Whichever I get, I plan to use for years to come doing a lot centuries and that kind of thing. Maybe a little racing but not much. 
So if you were planning to buy one bike with the intent of it being your primary ride which would would it be?
I like the idea of a carbon frame but not sure it's worth the extra $800-$1k over the caad10.


----------



## Ajost (May 27, 2012)

It's not $800-1K over. 2012 Supersix 105 is $1799. CAAD 10 prolly around $1400-$1600. 

In my opinion, it's the frame set as primary.
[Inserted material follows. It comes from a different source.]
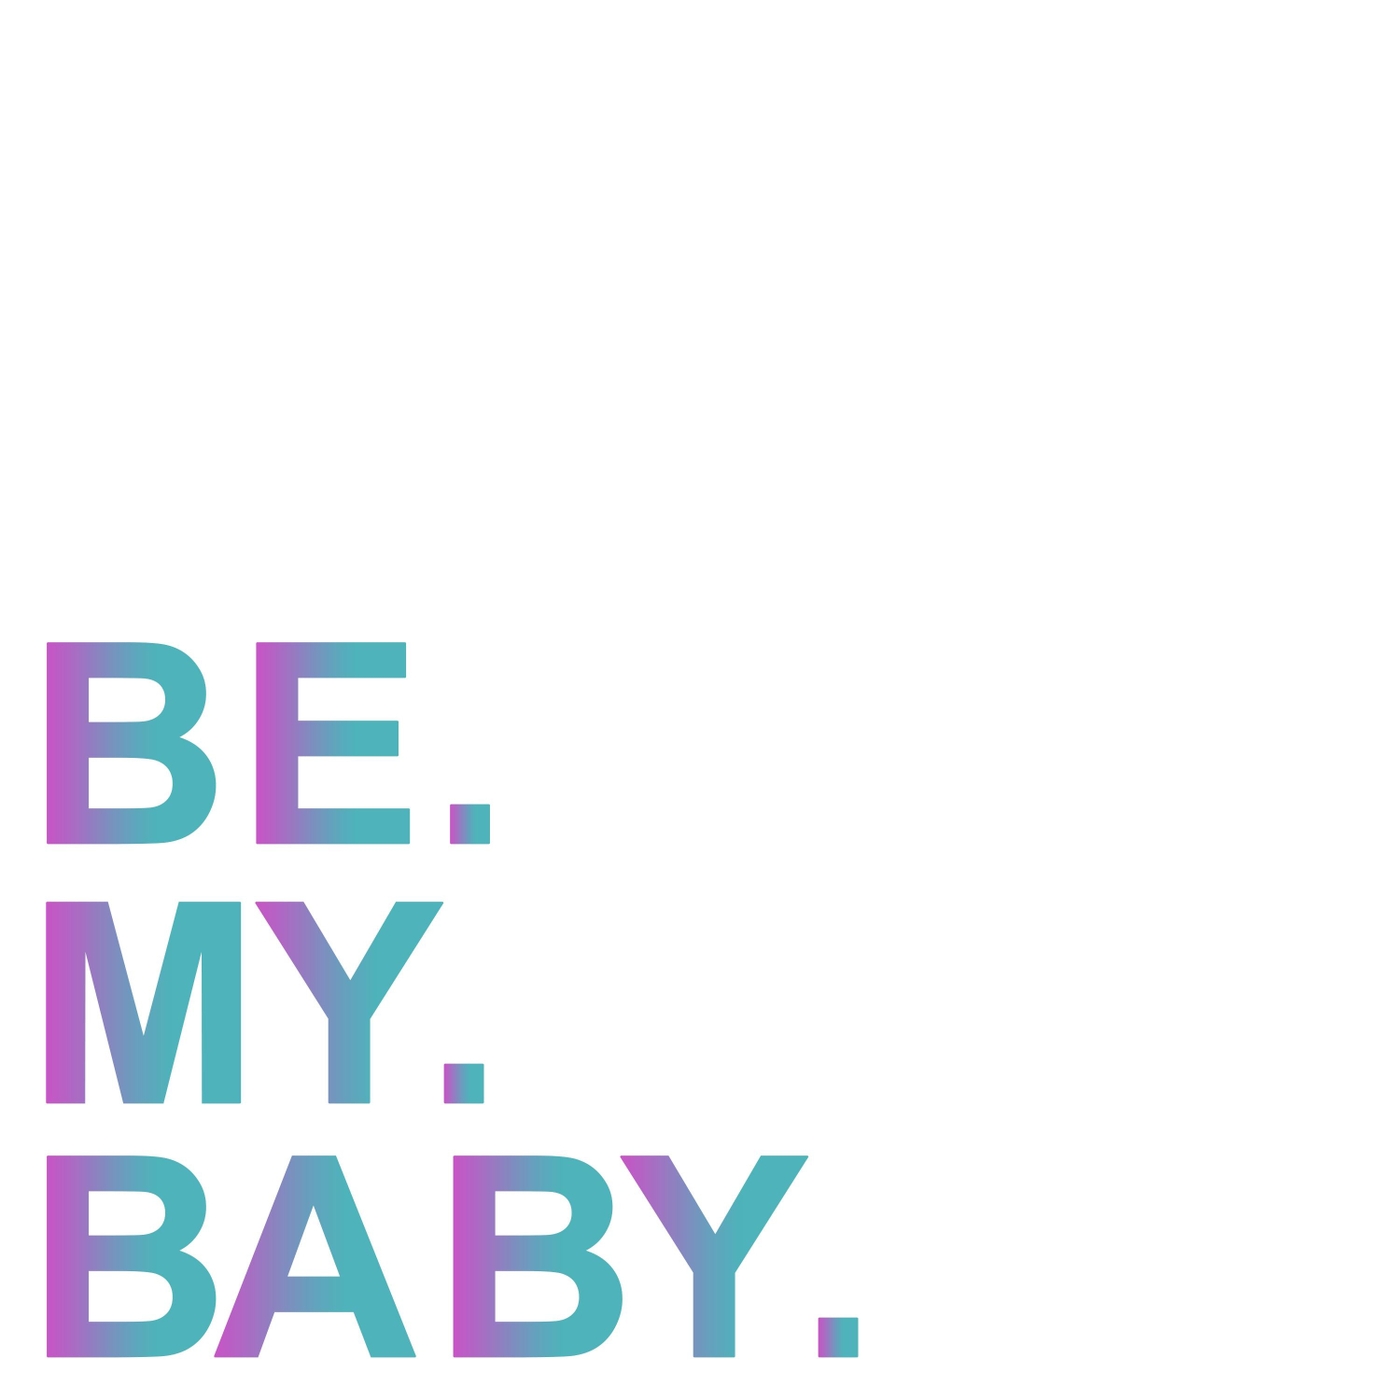 Be. My. Baby.

You can always replace parts, but you seldom replace the frame. (unless it breaks)

Hope that helps

v/r

Ajost

2012 Cannondale Supersix 105


----------



## cobra5514 (Aug 10, 2012)

While I would agree that the frame is primary, the price differential between the Super Six 3 (With Ultegra) versus the CAAD 10 3 (also with Ultegra) was certainly more than just about $400. For the 2013 model year the CAAD 10 3 is listed at $2450 and the Super Six 3 is listed at $3350. I assume the OP is trying to compare the Super Six 3 and the CAAD 10 3. That said the Super Six 5 is only $2330. 

My opinion is that you just need to ride both and decide if the price differential is worth buying the Super Six. .


----------



## rollinrob (Dec 8, 2002)

I have both a 2011 CAAD 10 and 2010 Supersix HM. The Supersix is lighter, stiffer and smoother, its the bike I would keep if I had to choose one.


----------



## LeDomestique (Jan 17, 2007)

I've had a CAAD9 and a SuperSix and honestly if I could ride them blindfolded I would probably not be able to tell the difference in ride quality. If any, 5 PSI less on the CAADx will give you added comfort

Having said that, if you really plan to ride that bike for many years, price shouldnt make any difference whatsoever. Just go for whatever you like best, regardless of the price. Think of the price different across the years and it does not make sense whatever to scrounge on a frame. 

Then again....IMHO, wheels make much more difference to ride quality than choosing between CAADx vs SuperSix. 

cheers


----------



## FPSDavid (Apr 14, 2012)

Looks-wise, I kind of wish I had saved up the extra money for a SuperSix over my CAAD10. I really like the smooth curves/lines of the SuperSix's (especially the downtube to toptube curve) over the welds of the CAAD10's. Not that the CAAD10 isn't a great bike!


----------